Details
- Date: 21 July 1991
- Location: near Newton, South Lanarkshire
- Country: Scotland
- Line: Argyle Line/Cathcart Circle Line Strathclyde Passenger Transport (West Coast Main Line)
- Cause: SPAD, inadequate junction layout

Statistics
- Trains: 2
- Deaths: 4
- Injured: 22

= Newton (South Lanarkshire) rail accident =

1991 railway incident in South Lanarkshire, Scotland

On 21 July 1991, two commuter trains crashed just west of Newton railway station in Cambuslang, near Glasgow, Scotland. The junction had been remodelled in the month previous to the crash.

==Accident==
At 21.55, train 2P55, the 21:55 Newton-Glasgow Central Cathcart Circle service, a British Rail Class 303 unit driven by Reginald McEwan left the "down" platform at Newton. Meanwhile, train 2J66, the 20:55 Balloch-Motherwell service, a Class 314 unit driven by David Scott was crossing from the fast West Coast Main Line tracks through a single-lead junction to enter the "up" platform. The two trains collided head on at the junction, killing both drivers and two passengers and injuring 22. The Class 303 unit overrode the buffer unit of the Class 314 unit and the trains telescoped over one another. The leading coach of the Class 314 was completely destroyed (being cut up at the site) later replaced by a redundant Class 507 driving motor vehicle.

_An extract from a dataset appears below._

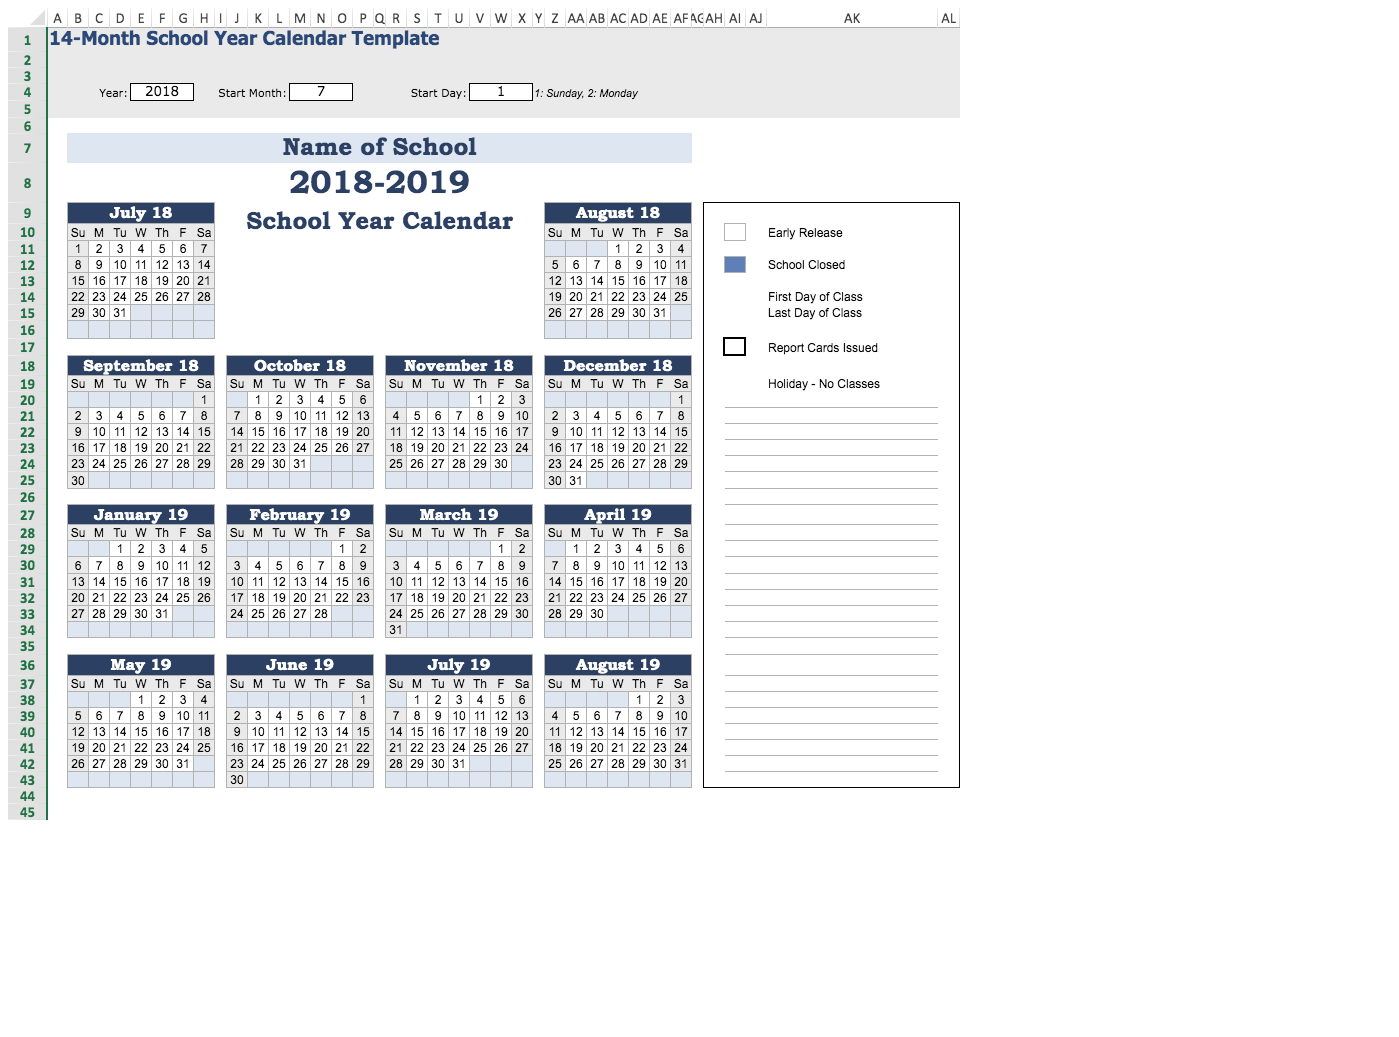 14-Month School Year Calendar Template | Visual Paradigm Tabular

People who lived in the area near to the crash described hearing something that sounded "like an explosion" and soon 400 people had gathered at the crash site. One local ran to Newton to telephone the signaller on duty and had asked him to turn the overhead wires off as he had feared for the safety of everyone.

== Factors ==

Schematic of the trackwork of the Newton (South Lanarkshire) rail crash. The red line indicates the line that was removed to make a single lead junction. This line was replaced after the crash.

A report into the crash was commissioned by British Rail, which started on 23 July 1991 and reported to the Health and Safety Executive, who published a report in November 1992. A separate fatal crash inquiry team, composed of the Sheriff's court of Glasgow, were taken to the crash site by train in February 1993. They rode in train from the low level platform at Glasgow Central to the crash site at Newton and they were then bussed to the signalling centre which controlled the points and lights at Newton at the time of the crash.

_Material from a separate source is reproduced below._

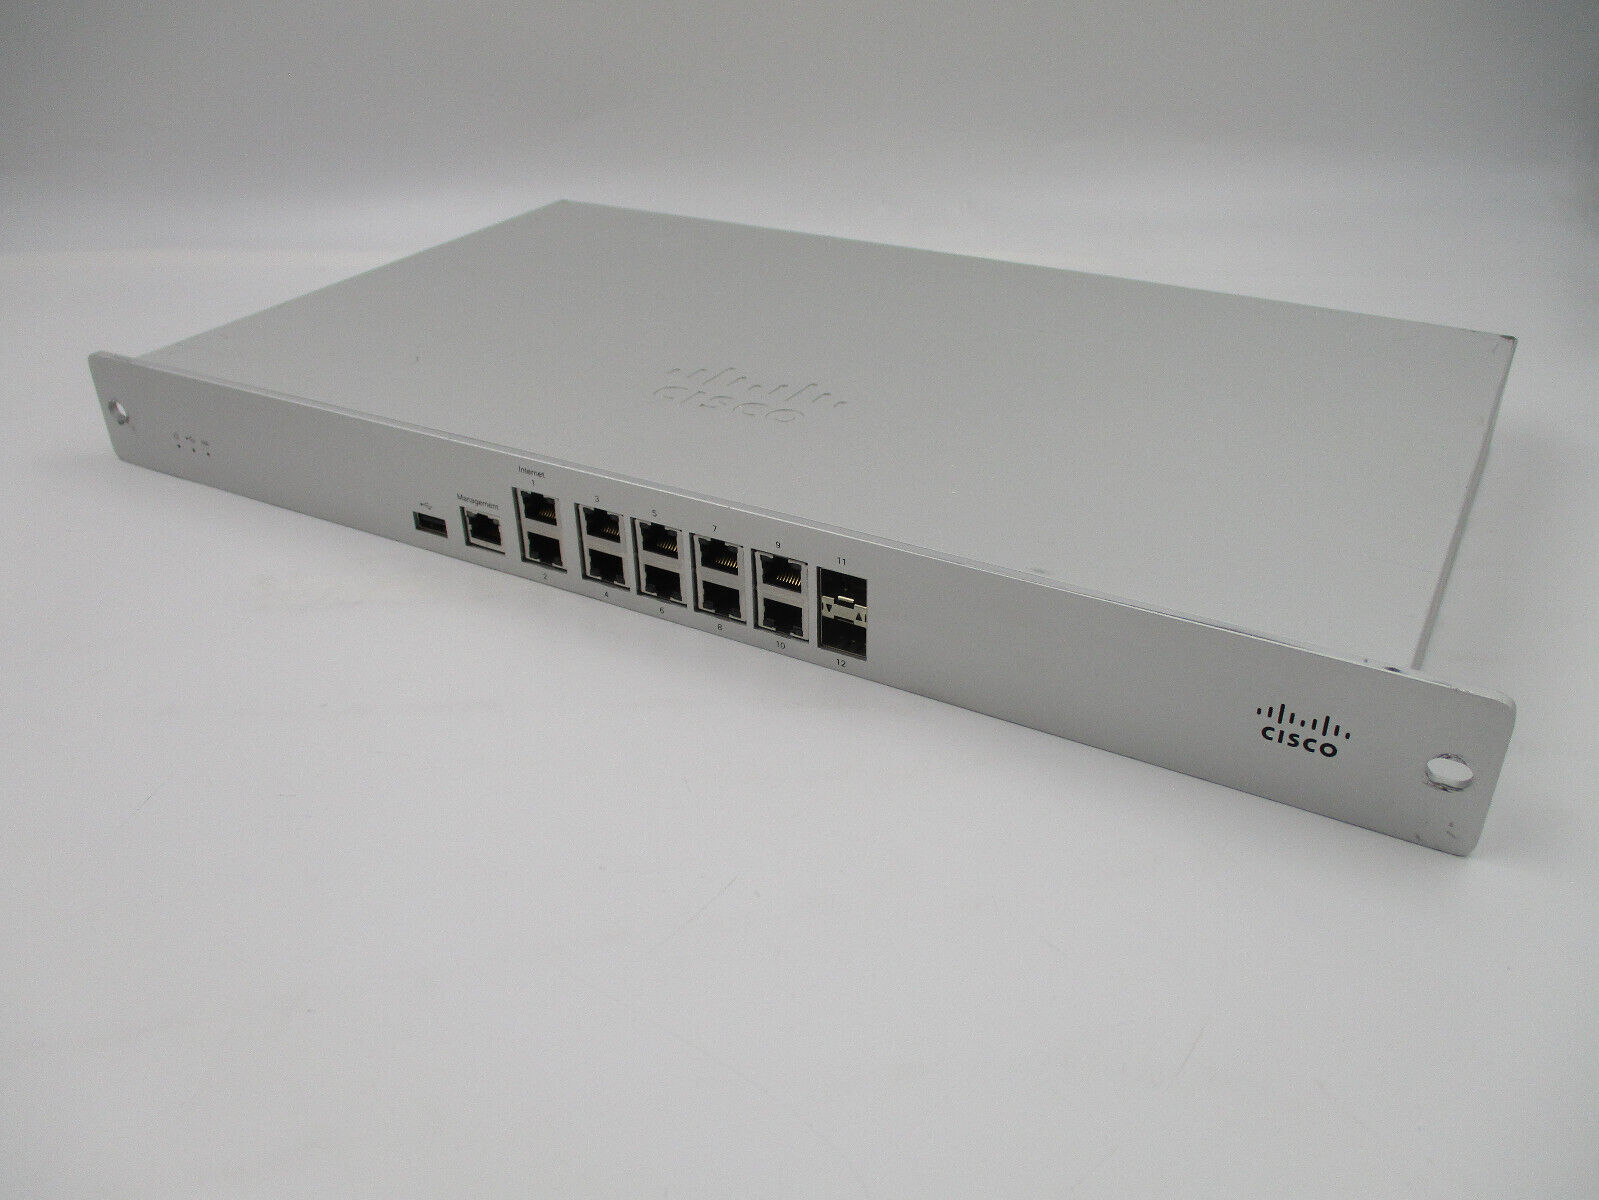 Cisco Meraki MX84-HW Cloud Managed Security Appliance UNCLAIMED Tested

The crash was attributed to the Cathcart Circle train passing a signal at danger and causing a collision at the single-lead junction, as at Bellgrove in Glasgow just over a year earlier. The junction's configuration was newly installed at a cost of £5 million and designed to be simpler than the double-lead junction that it replaced. This allowed faster running on the WCML following the East Coast electrification (through Carstairs) but was inherently less safe. The configuration was unnecessarily constrained and was strongly criticised in the crash report and by contemporary commentators (Hall 1999).

== Aftermath ==
Following the crash the junction was closed, with a special timetable in place for several months while the layout was revised to provide double track from the platforms towards Kirkhill. Diversions included West Coast Main Line trains being diverted via the Rutherglen and Coatbridge Railway and Whifflet with electric trains hauled by diesel locomotives to Mossend Yard, East Coast Main Line trains terminating at Edinburgh Waverley, and Lanark and Motherwell trains being diverted along the North Clyde Line via the Whifflet link line immediately west of Coatbridge Sunnyside.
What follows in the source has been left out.